OTTO Preispsychologie 2026: Schwellenpreise nutzen
Preisschwellen, Streichpreise und die 30-Tage-Bestpreisregel bei OTTO: Was psychologisch wirkt, was die PAngV verlangt und wie Repricing beides verbindet.

Die Kurzfassung: Preisschwellen wirken auch auf OTTO, aber anders als im eigenen Shop. Zum psychologischen Effekt gebrochener Preise kommt ein technischer: OTTO-Kunden filtern nach Preisspannen, und wer knapp über einer Filtergrenze liegt, taucht in einem ganzen Ergebnisbereich nicht auf. Gleichzeitig steht jede Rabattdarstellung unter dem Rechtsrahmen der Preisangabenverordnung. Nach § 11 PAngV muss bei jeder Bekanntgabe einer Preisermäßigung gegenüber Verbrauchern der niedrigste Gesamtpreis der letzten 30 Tage angegeben werden — diese Pflicht gilt seit dem 28. Mai 2022. Bei Streichpreisen knüpft sie an den gegenübergestellten Preis an, der der günstigste der letzten 30 Tage sein muss. Wer diese drei Ebenen — Psychologie, Filterlogik, Recht — getrennt behandelt, verliert entweder Sichtbarkeit oder handelt sich Abmahnrisiko ein. Dieser Artikel bringt sie zusammen.

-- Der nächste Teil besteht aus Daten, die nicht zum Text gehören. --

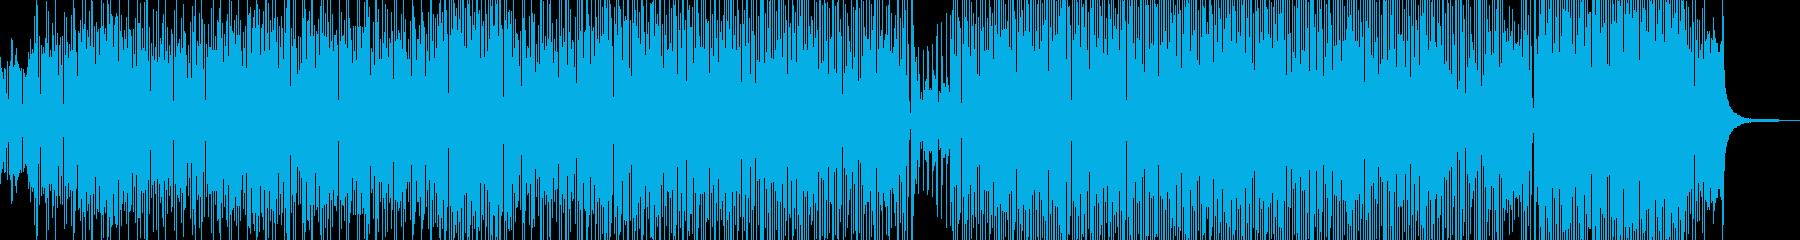 チェンバロ・ディズニー風パレードポップの再生済みの波形
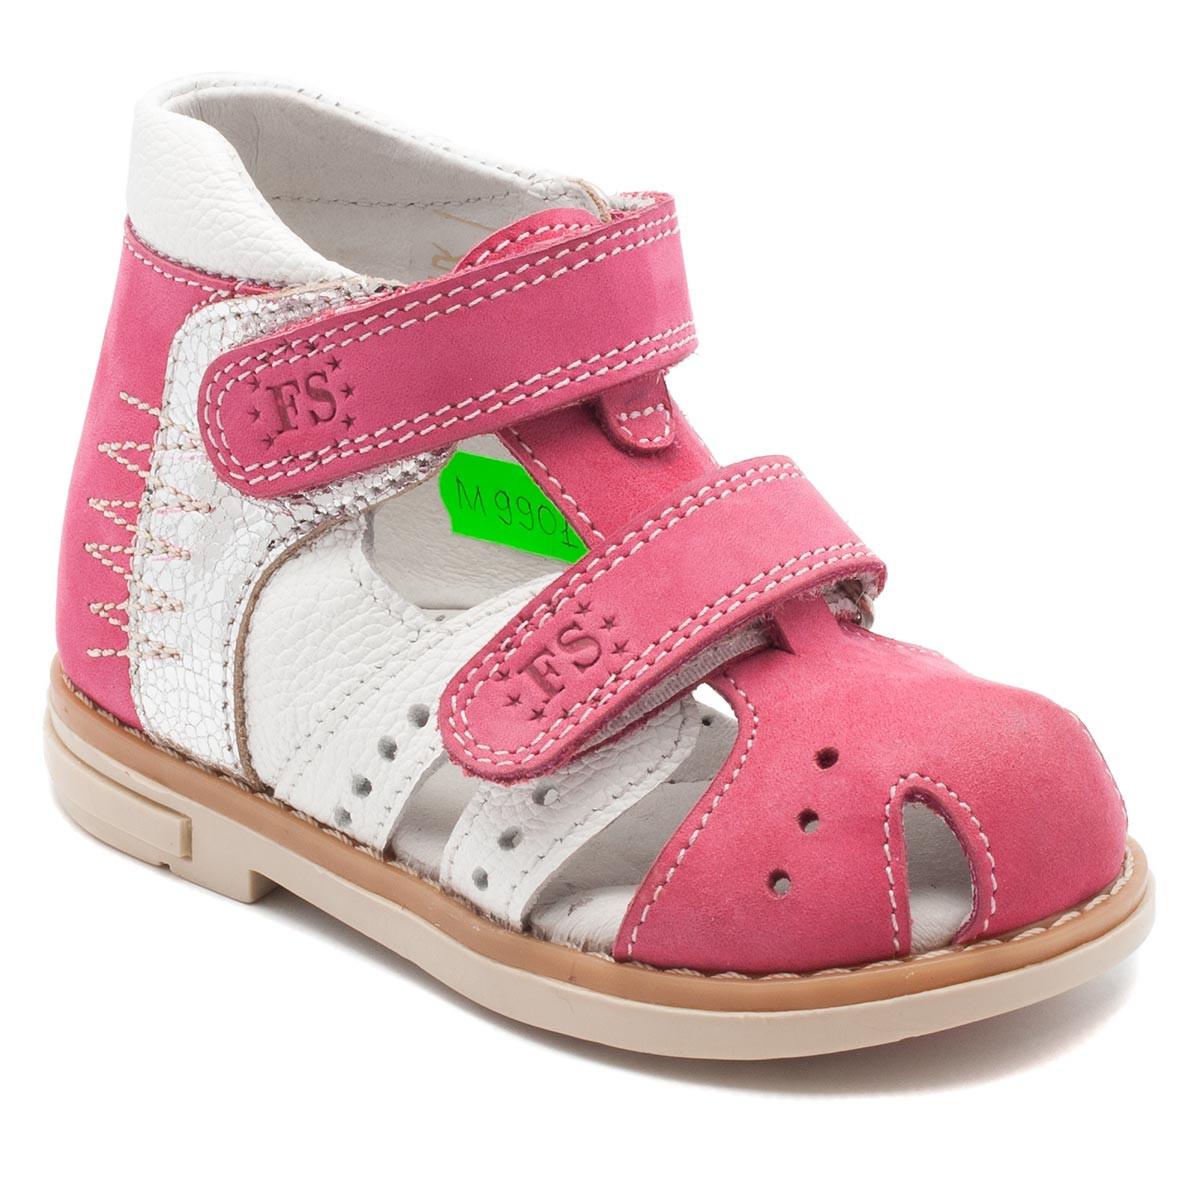 Профилактические босоножки FS Сollection для девочки, розовые, размер 20-28

Warum Preisschwellen auf einem Marktplatz doppelt wirken
Die klassische Schwellenpreislogik ist bekannt: 49,90 Euro fühlt sich anders an als 50,00 Euro, 199 Euro anders als 200 Euro. Der Unterschied entsteht nicht durch den Betrag, sondern durch die Ziffer, die das Auge zuerst erfasst. Der Effekt gehört zu den robustesten Werkzeugen der Preispsychologie und ist in Studien wie im Alltag vielfach belegt.
Auf einem Marktplatz kommt eine zweite, härtere Ebene dazu. OTTO-Kunden arbeiten stark mit Filtern, und Preisfilter sind fast immer an runden Grenzen ausgerichtet — bis 50 Euro, 50 bis 100 Euro, 100 bis 200 Euro. Ein Artikel zu 50,90 Euro ist damit nicht "ein Euro teurer" als einer zu 49,90 Euro, sondern in einem kompletten Filtersegment nicht vorhanden.
Diese binäre Wirkung unterschätzen viele Händler. Im eigenen Shop kostet ein Preis knapp über der Schwelle etwas Konversion. Auf OTTO kostet er im ungünstigen Fall die gesamte Sichtbarkeit in dem Segment, in dem preissensible Käufer suchen.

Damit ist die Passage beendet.